In summary, our results highlight (i) the ability of the macroalgal δ15N to identify the agricultural- and urban-derived N inputs in a closed water body affected by multiple, and otherwise not easy to identify, N sources, (ii) the general increasing trend in metal pollution, and (iii) the need to consider both macroalgae and sediments to obtain a reliable representation of metal pollution. As regards the first point, the macroalgal δ15N detected the origin of the N inputs at any DIN concentration in water. δ15N values indicated the signature of N inputs from synthetic fertilizers carried by the Sefid-Rud River into the coastal area of Anzali. In the central sites of the Chalus area, the macroalgal δ15N indicated N inputs mainly derived from tourism and municipal wastewaters.

The observed spatial variability of the macroalgal δ15N signatures and metal concentrations in sediments and macroalgae, as well as the lack of correlation between these parameters, indicates that the southern Caspian Sea is affected by multiple and independent anthropic inputs. Metal pollution derived from human activities taking place both in the inland and on the coast. Specifically, Cr and Ni were above the non-polluted thresholds in the sediments of all sampling sites, probably due to nautical and oil extraction activities. By contrast, Pb and Zn were well localized, affecting the touristic sampling sites, and were likely related to the Chalus River transportation from the Sorb Dona mine located upstream. Finally, the analysis of metals concentrations in macroalgae showed diffused high concentrations of Fe, suggesting the important role of oil extraction, mining, and industrial activities in the metal pollution.

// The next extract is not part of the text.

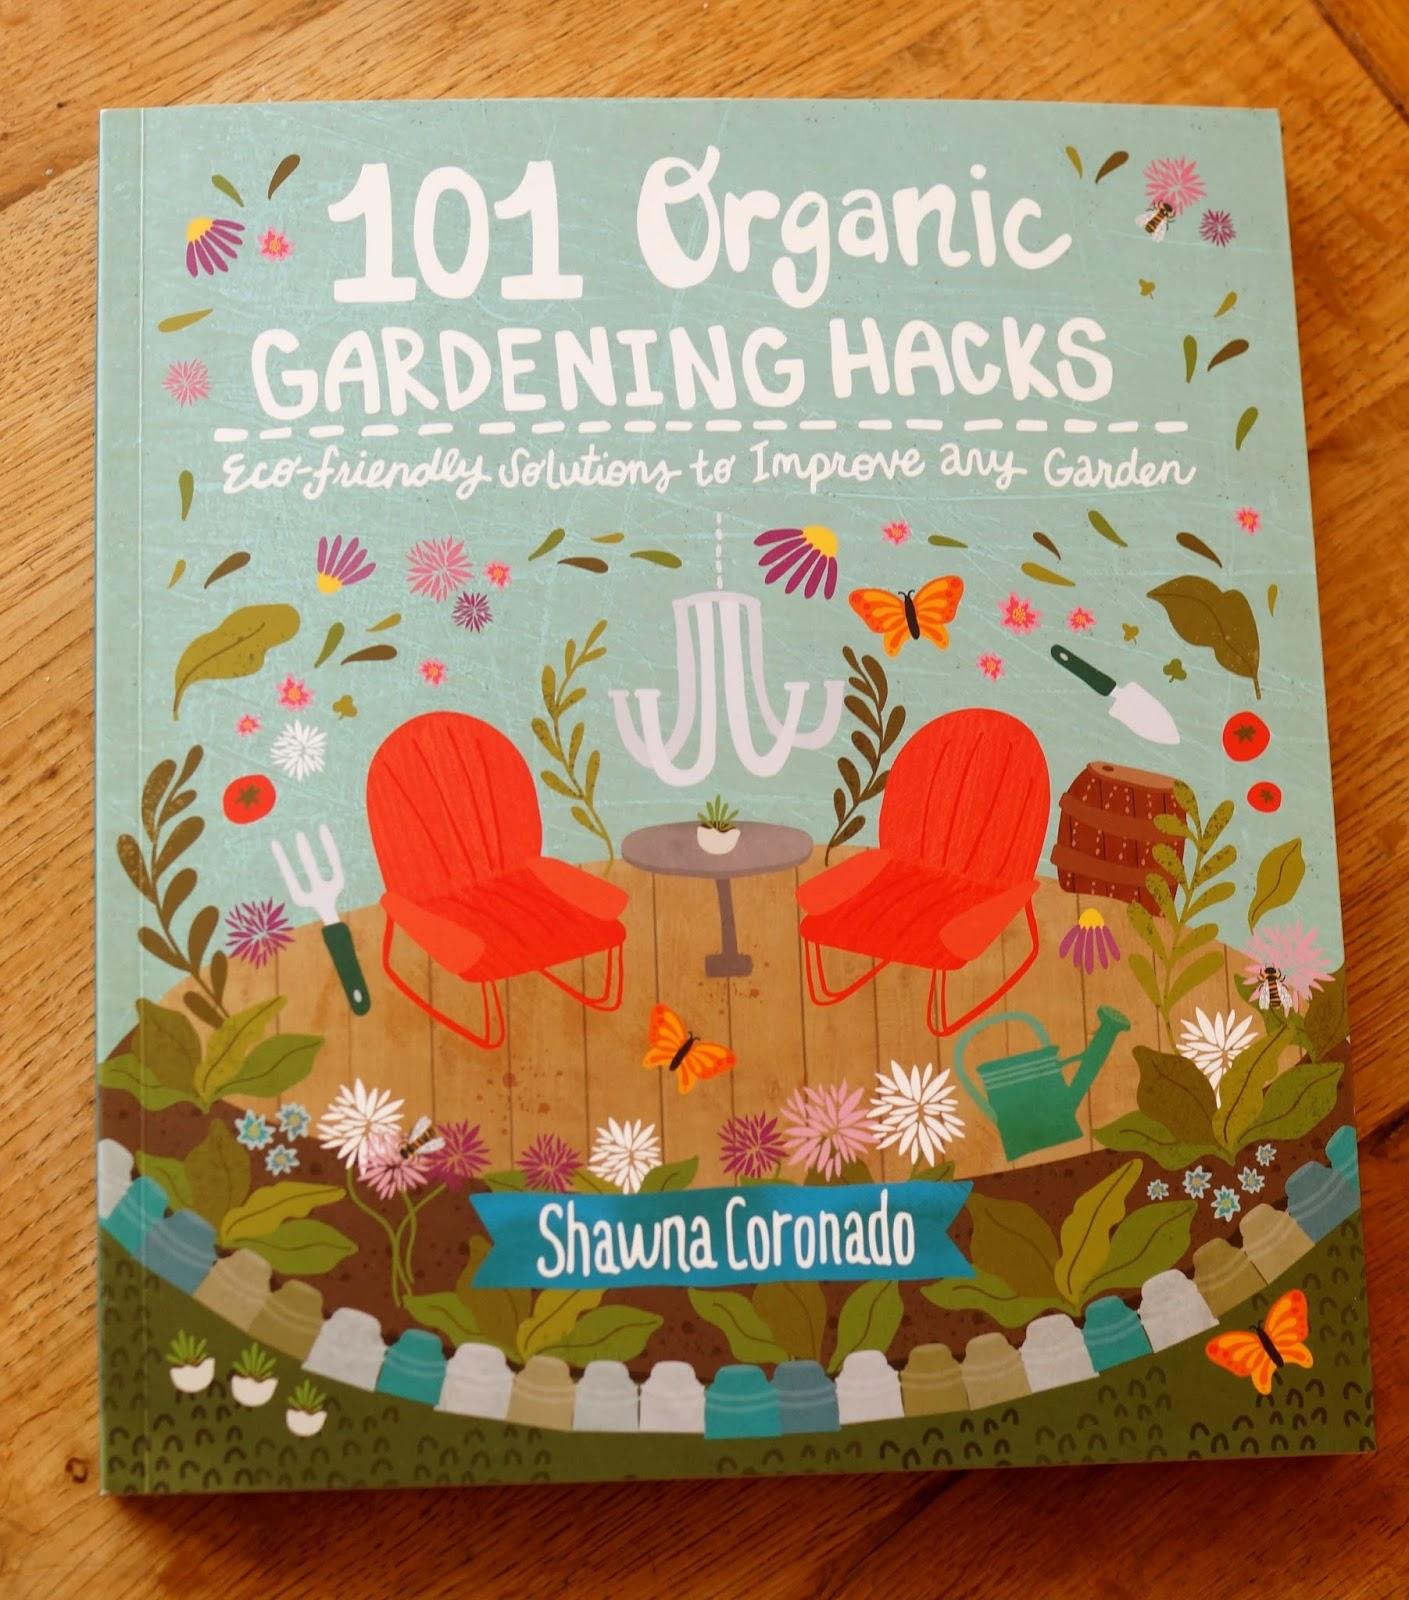 101 Organic Gardening Hacks - Book Review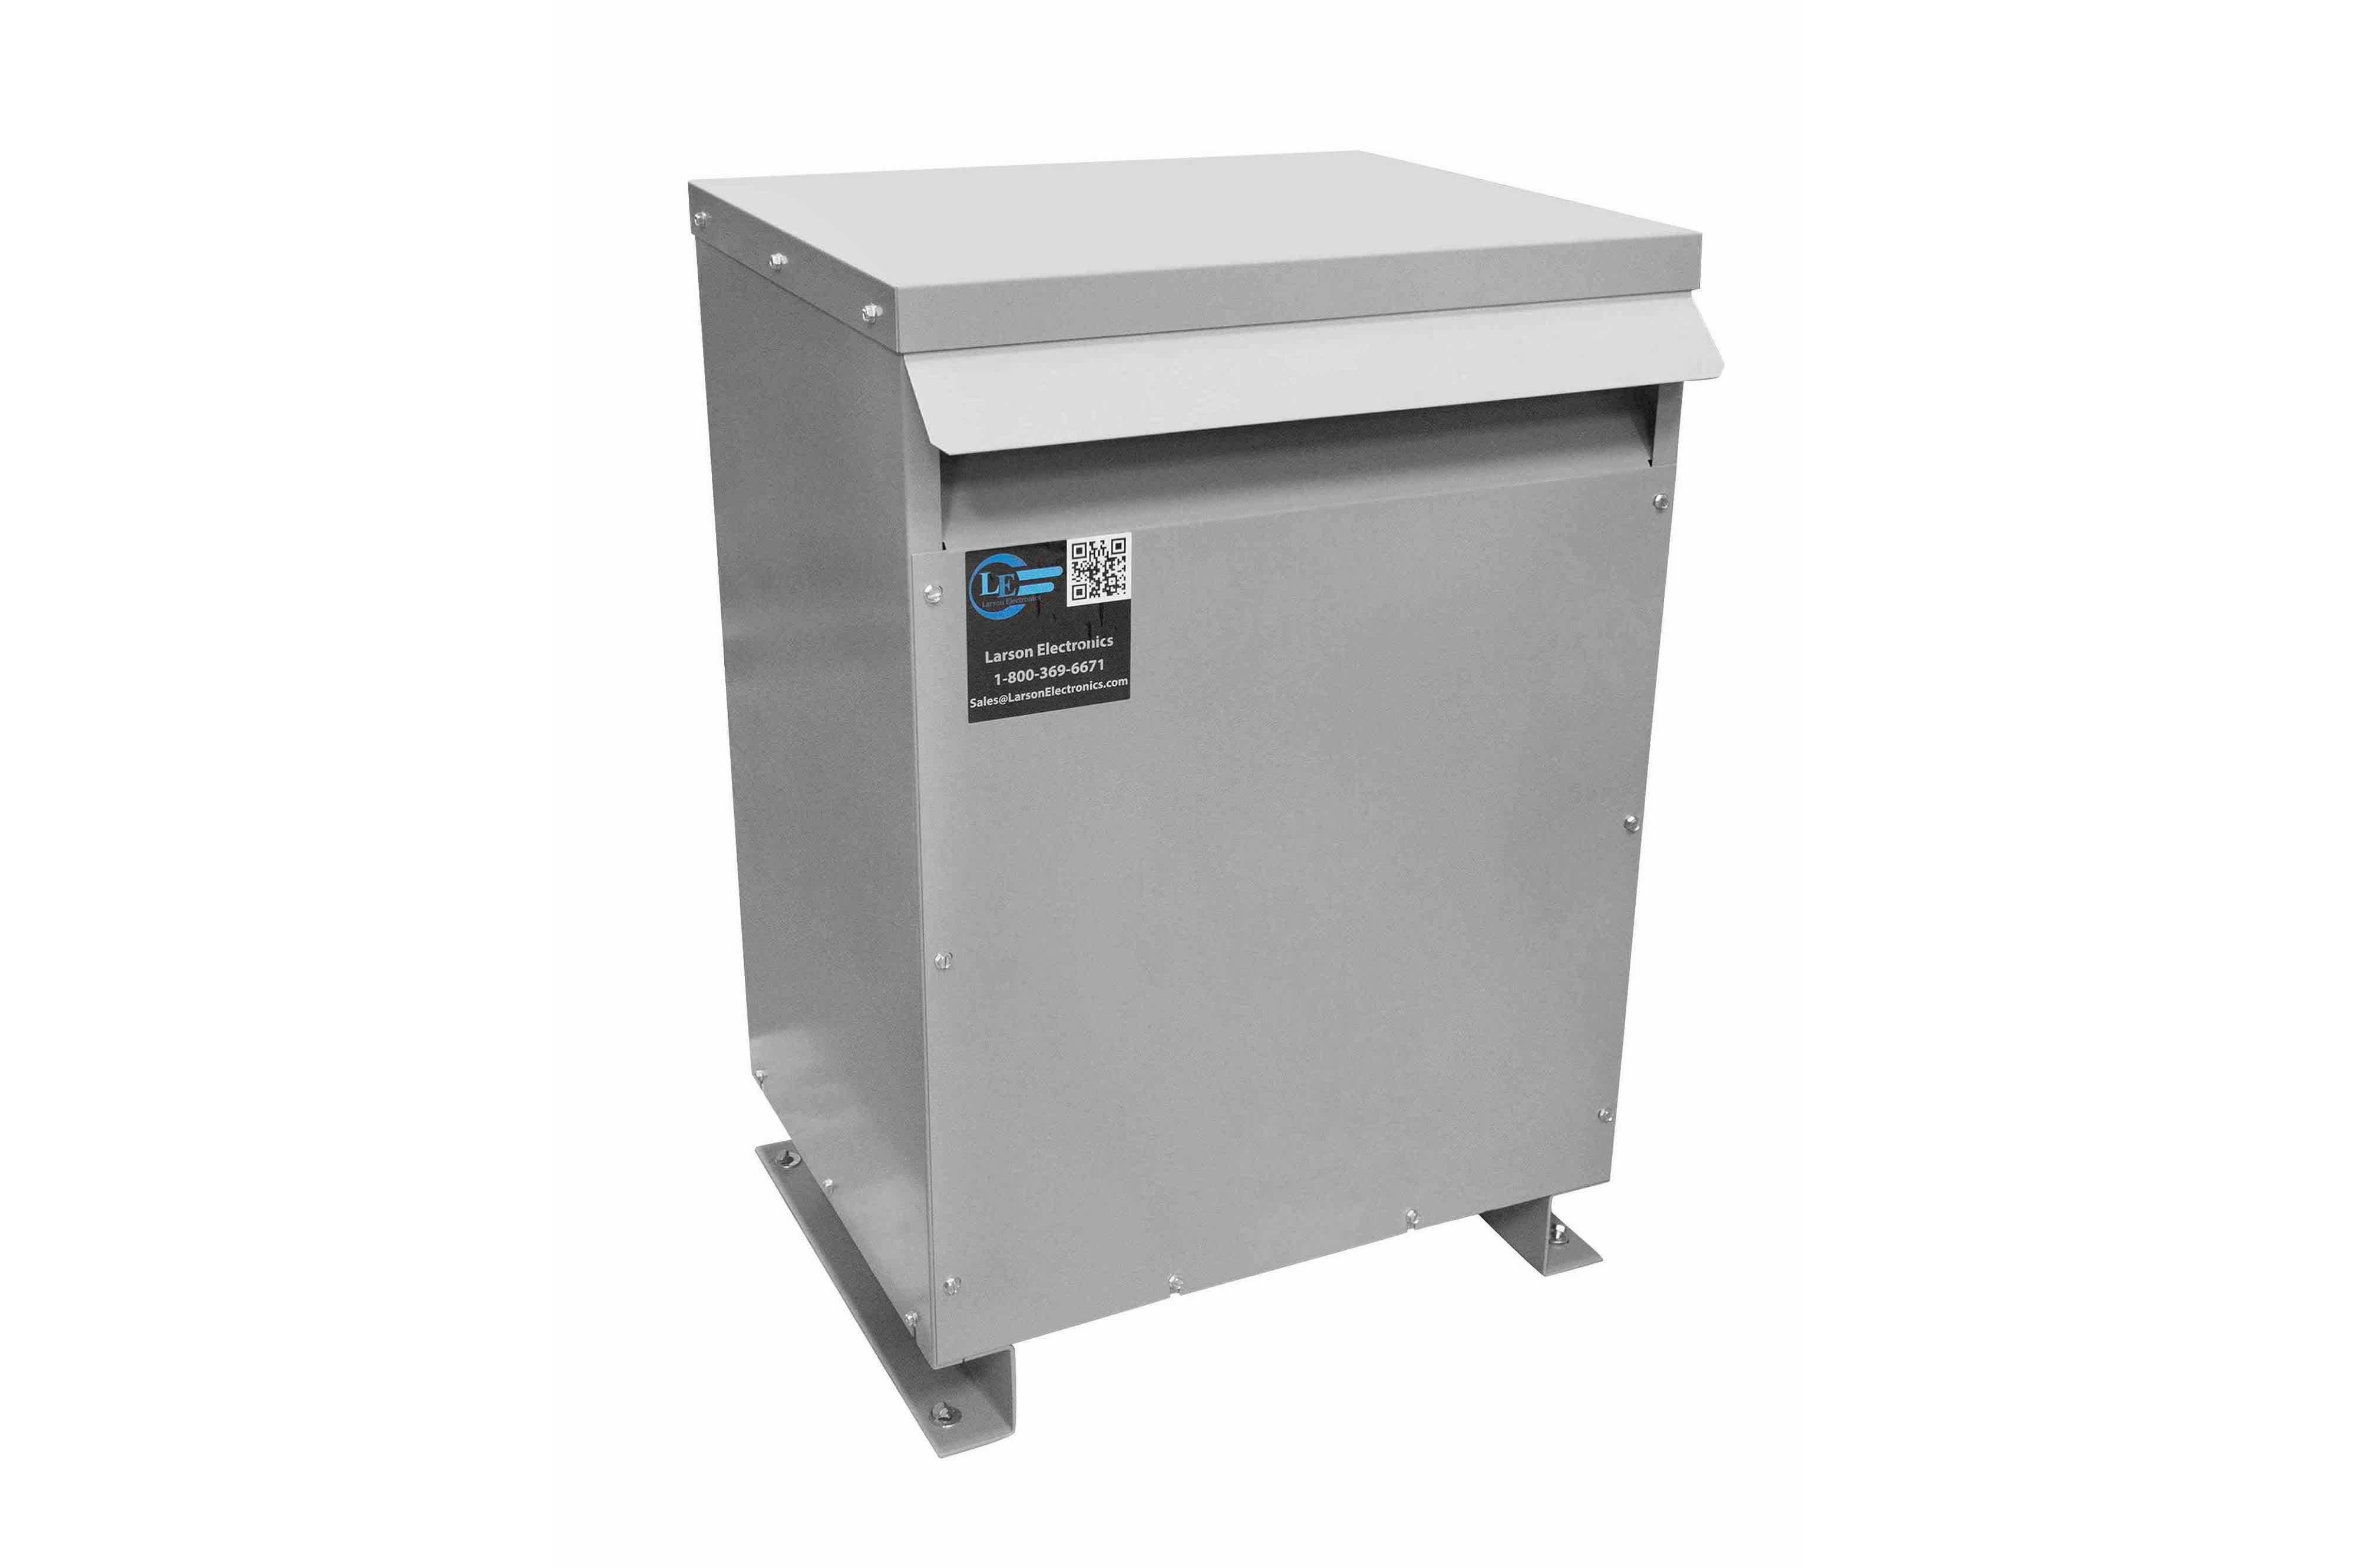 15 kVA 3PH Isolation Transformer, 415V Wye Primary, 240V/120 Delta Secondary, N3R, Ventilated, 60 Hz

In order to deepen the knowledge of the source, diffusion, and effects of pollution in the Caspian Sea, future studies on this complex ecosystem should explicitly consider the spatial variability of anthropogenic pressures and the land use cover. Furthermore, as already observed in the Caspian Sea (Agah et al. 2007) and in other coastal ecosystems (Signa et al. 2019), the potential harmful effects of metal pollution on higher trophic levels should be further investigated. Therefore, for a highly anthropized ecosystem such as the Iranian Caspian Sea, determining the effects of metal and nutrient pollution on the food web is necessary for effective management and conservation actions.